Did you know there are some financial metrics that can provide clues of a potential multi-bagger? In a perfect world, we'd like to see a company investing more capital into its business and ideally the returns earned from that capital are also increasing. Put simply, these types of businesses are compounding machines, meaning they are continually reinvesting their earnings at ever-higher rates of return. With that in mind, we've noticed some promising trends at STX EngineLtd (KRX:077970) so let's look a bit deeper.

Return On Capital Employed (ROCE): What Is It?

For those who don't know, ROCE is a measure of a company's yearly pre-tax profit (its return), relative to the capital employed in the business. To calculate this metric for STX EngineLtd, this is the formula:

Return on Capital Employed = Earnings Before Interest and Tax (EBIT) ÷ (Total Assets - Current Liabilities)

0.14 = ₩47b ÷ (₩981b - ₩639b) (Based on the trailing twelve months to September 2024).

Therefore, STX EngineLtd has an ROCE of 14%. On its own, that's a standard return, however it's much better than the 6.7% generated by the Machinery industry.

See our latest analysis for STX EngineLtd

KOSE:A077970 Return on Capital Employed February 12th 2025

In the above chart we have measured STX EngineLtd's prior ROCE against its prior performance, but the future is arguably more important. If you'd like to see what analysts are forecasting going forward, you should check out our free analyst report for STX EngineLtd .

What Does the ROCE Trend For STX EngineLtd Tell Us?

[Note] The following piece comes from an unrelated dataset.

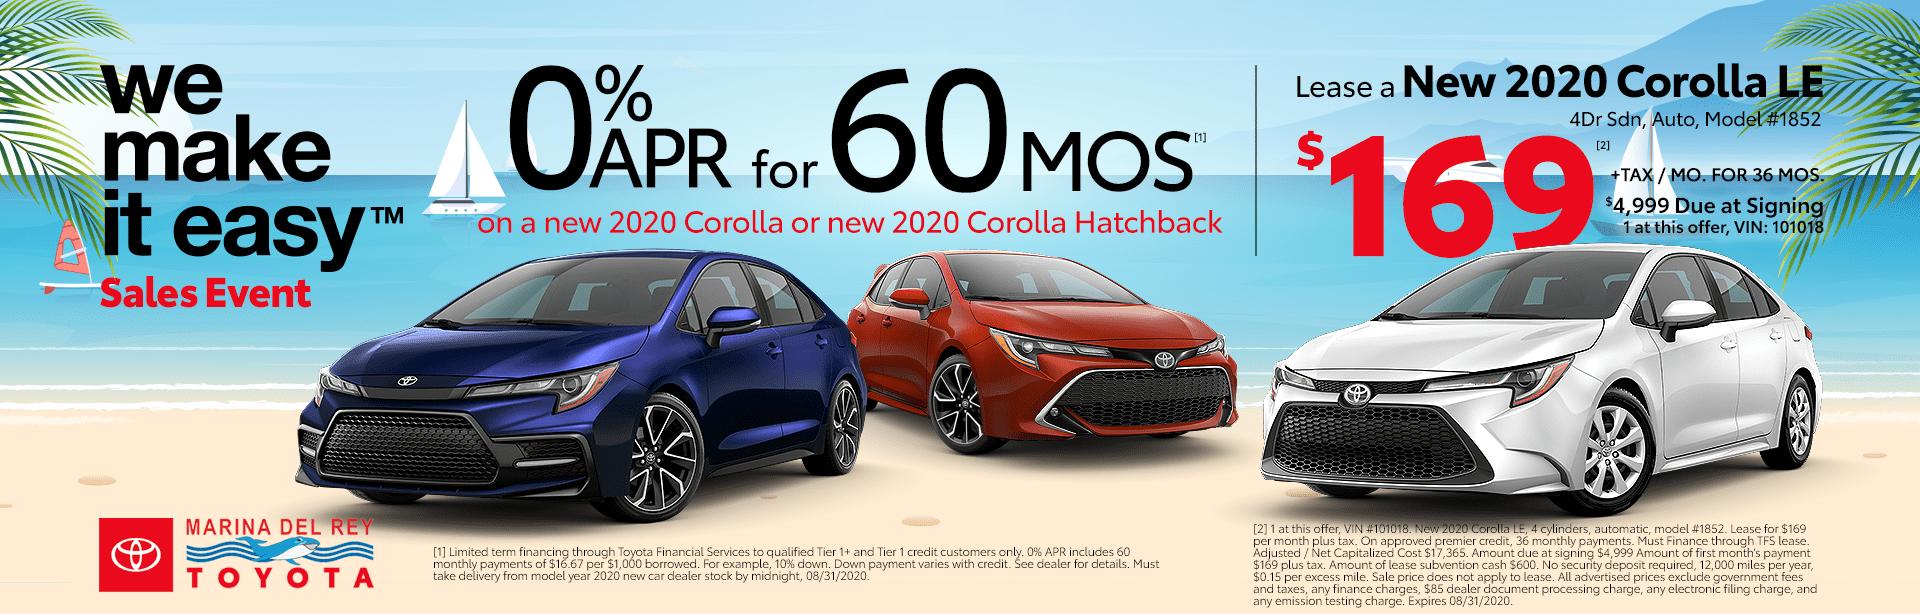 2020 Corolla Lease 2020 Corolla Deals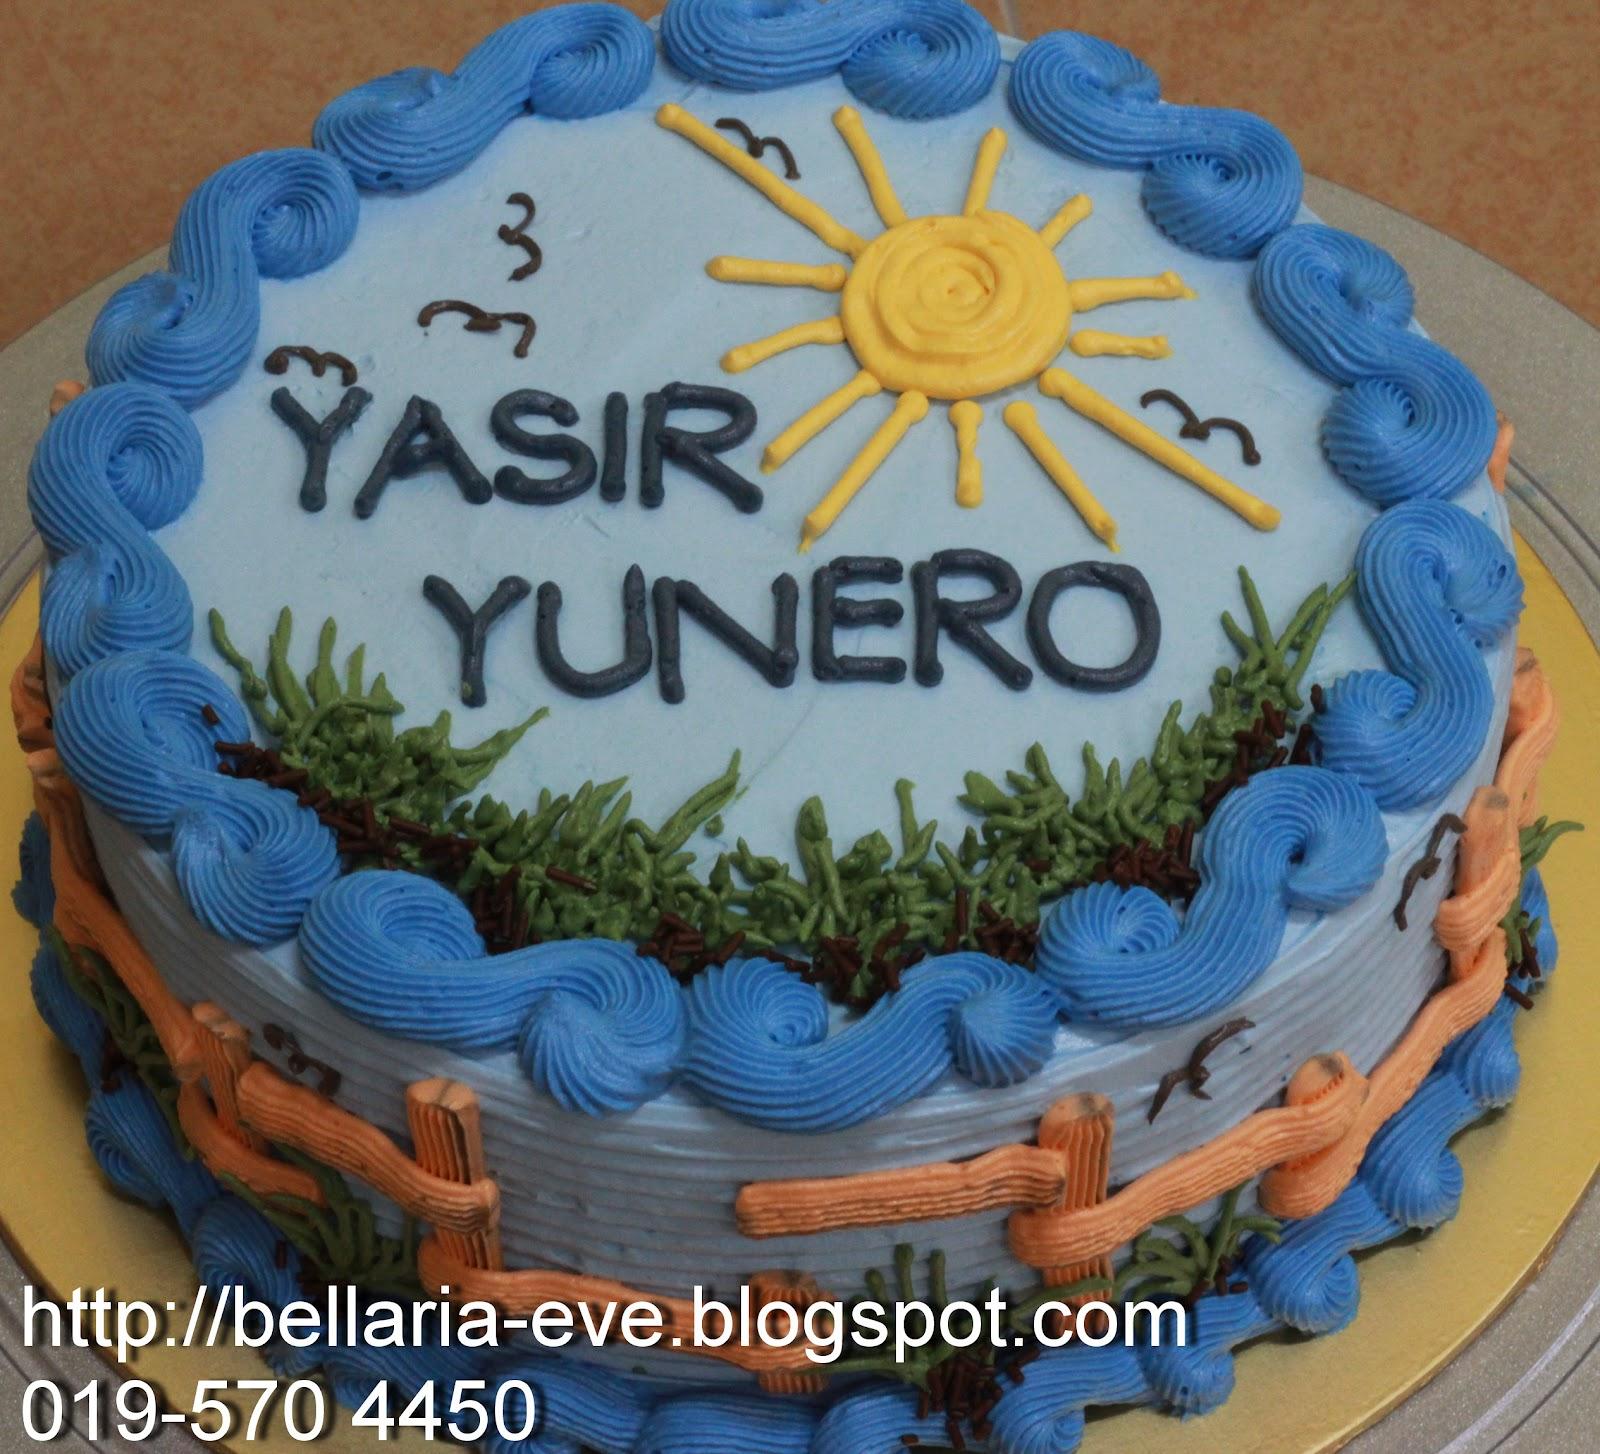 Bellaria Happy Birthday Yasir Yunero San

You'd find it hard not to be impressed with the ROCE trend at STX EngineLtd. The figures show that over the last five years, returns on capital have grown by 35%. That's a very favorable trend because this means that the company is earning more per dollar of capital that's being employed. In regards to capital employed, STX EngineLtd appears to been achieving more with less, since the business is using 36% less capital to run its operation. A business that's shrinking its asset base like this isn't usually typical of a soon to be multi-bagger company.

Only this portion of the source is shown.